Optimization of Ba_xSr_1−xCo_0.9Nb_0.1O_3−δ perovskite as oxygen semi-permeable membranes by compositional tailoring

Abstract

Mixed conducting SrCo_0.9Nb_0.1O_3−δ perovskite is a newly developed promising ceramic membrane material for air separation. In this work, SrCo_0.9Nb_0.1O_3−δ was further optimized by the introduction of Ba to partially replace Sr in the A-site of the perovskite structure. The phase structure, phase stability, carbonate formation rate under carbon dioxide atmosphere, electrical conductivity, oxygen desorption properties, and oxygen permeation properties of Ba_xSr_1−xCo_0.9Nb_0.1O_3−δ (BSCNx) with varying Ba²⁺ doping level were systematically investigated. Pure phase cubic perovskite was formed at x = 0.0–0.8. BSCNx (x = 0.0–0.8) can be stably operated in atmospheres with oxygen partial pressure varying from at least 1 atm to as low as 10⁻⁵ atm (Ar atmosphere). The barium doping concentration had a significant effect on electrical conductivity and oxygen permeability of the membranes. BSCN0.6 had the highest oxygen permeation flux of 2.67 × 10⁻⁶ mol cm⁻² s⁻¹ for 0.87 mm thickness at 900 °C and the highest oxygen ionic conductivity of 1.38 S cm⁻¹ at 900 °C.

Introduction

Oxygen is the second-largest volume industrial gas and the third largest chemical commodity in the world. It is used as an important raw material in diverse applications covering many industries including chemical processing, glass manufacturing, health service, refining, pulp and paper, steel manufacturing, and water/wastewater treatment. In the near future, the oxygen market may be massively expanded as all large scale clean energy technologies, which require O₂ as feed. This is reflected in many international policies to sustain security of energy supply and reduce greenhouse gases.

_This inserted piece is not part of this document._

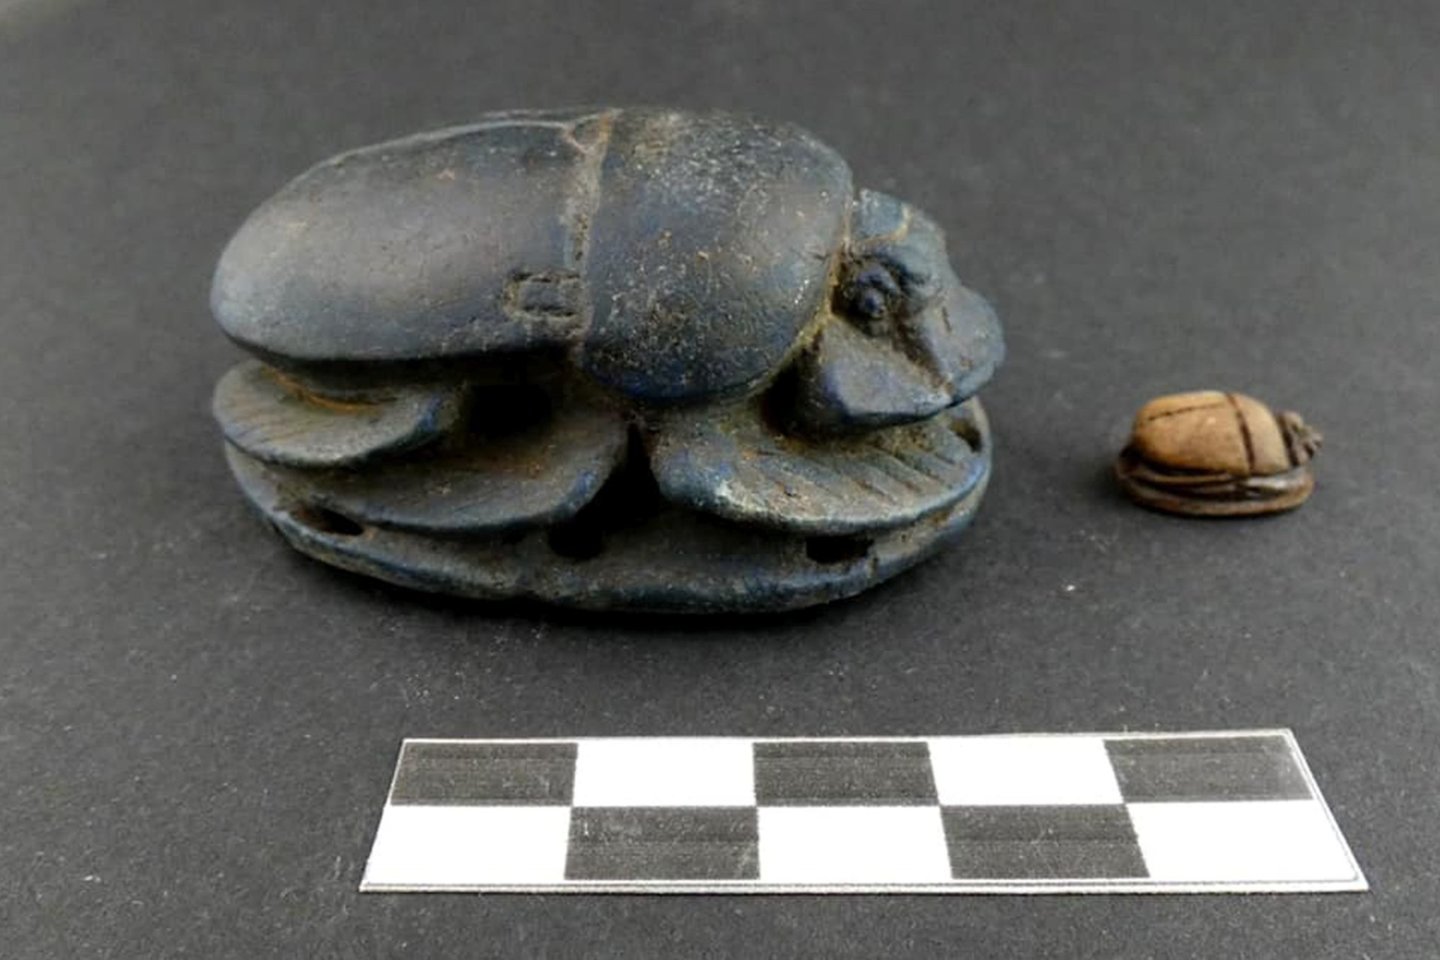  Vyro kape buvo rasta senovės Egipto artefaktų, tokių kaip šis skarabėjas.<br> Egipto turizmo ir senienų ministerijos nuotr.
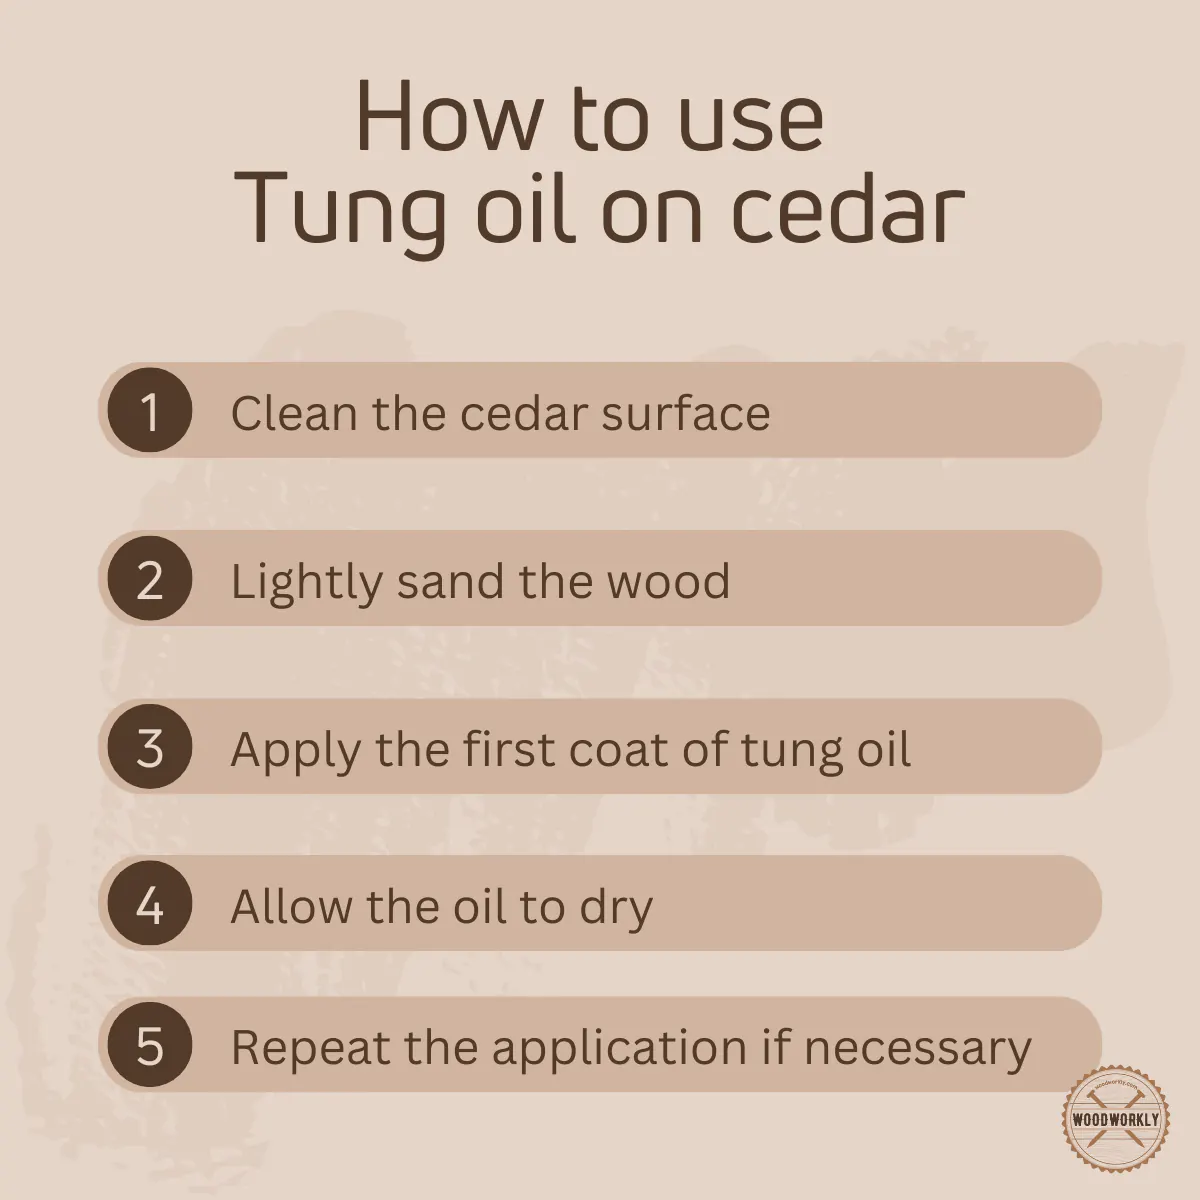 How to use tung oil on cedar

Traditionally, the industrial scale production of oxygen is mainly by cryogenic air separation, a process that compresses and cools atmospheric air, then separates the resulting liquid into its components in a distillation column. Recently, vacuum pressure swing adsorption (VPSA), a non-cryogenic technology that produces oxygen from air by using an adsorbent in a pressure swing process to remove nitrogen, has also been applied. Both processes, however, have low energy efficiencies and high costs. The quest for a lower cost option for oxygen separation is promoting increasing interest in ceramic membranes based on mixed ionic and electronic conducting (MIEC) oxides [1], [2], [3]. When there is a difference in oxygen partial pressure across the MIEC membrane, oxygen at the oxygen rich side will adsorb onto the membrane surface and dissociate into oxygen ions and electron holes via a series of complicated intermediate steps. These charged species then move towards the oxygen lean side of the membrane surface where they re-combine to oxygen. The molecular oxygen finally desorbs from the membrane surface and releases into the oxygen lean side of the membrane [4]. Macroscopically, it appears as if molecular oxygen can permeate through the MIEC membrane. Theoretically, the membrane has 100% O₂ permselectivity because of its structure and the ionic diffusion nature of oxygen. Furthermore, selected membranes have permeability even higher than that of microporous polymer membranes. It is believed that the capital cost for both plant construction and operation could be significantly reduced when the ceramic MIEC membrane technology is successfully adopted for oxygen generation [5]. In addition, these MIEC membranes are also of interest as membrane reactors for partial oxidation of hydrocarbons to value-added products at high temperatures, to achieve higher product yield/selectivity than that of the reaction equilibrium allows [4], [6], [7].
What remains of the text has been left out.